Close with his parents, Jae called his mother first with the news. She was as excited as he was, even if he has to move from Rhode Island to Virginia for the job. “It’s going to be different living that far from my family, but they’re so proud,” says Jae.

Looking Forward

Freddie Mac has an early career program, so those who are successful in their internships are invited to start as a technology analyst. The year-long career program is styled rotationally so the new analysists can touch different sectors of the tech division and continue growing their skills to identify their next stage at Freddie Mac.

a photo of Jae Grenier '23 demonstrating some code on an overhead screen


Jae is honored that Freddie Mac’s DEV Factory team sought him out, and he’s eager to join them. “It will be similar requirements to gap analysis, but I’ll handle new implementations to the tool stack, identifying challenges with change management and mitigating risks,” Jae explains. “It takes an analytical mindset, which is a strong suit.”

Advice for Future Students

When asked what Jae would say to younger students forging their own paths, he has encouraging words about keeping their eyes on the prize.

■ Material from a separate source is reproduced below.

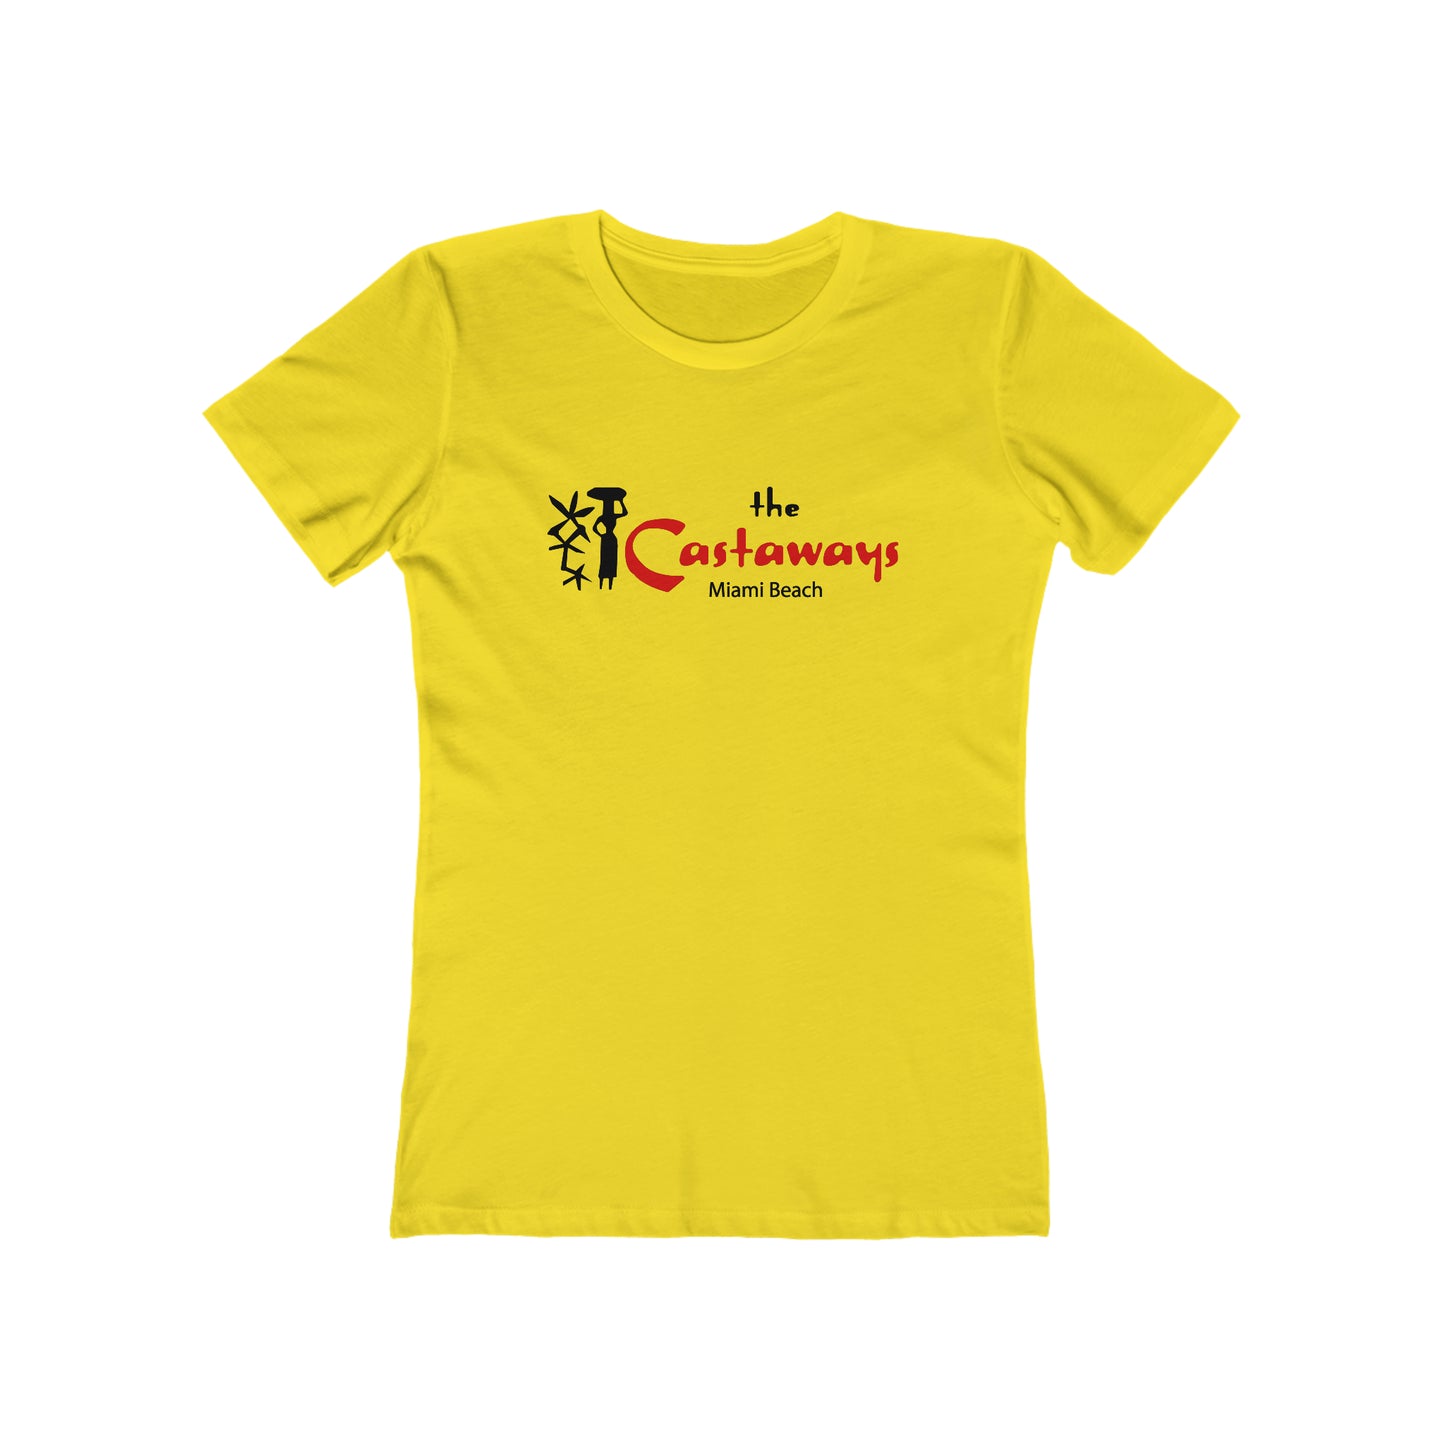 The Castaways - Women's T-Shirt

“Don’t give up,” he advises. “There will be times when you have projects and exams and assignments, and you might feel like you’re under a lot of pressure. But you’ll come out stronger; there’s a reason for the work.”

He also cautions that comparison kills authenticity. “If you see friends getting cool internships and jobs, congratulate them, and you can invite them to sit at your table when it’s time to celebrate your accomplishments. Life is not a race. Monitor your growth and compare yourself only to yourself.”

Jae summarizes, “Don’t confine yourself to anything, because if you’re in a box, there’s no sunlight to grow. Stay positive and don’t get too down on yourself. Everyone makes mistakes — but everyone learns from them.”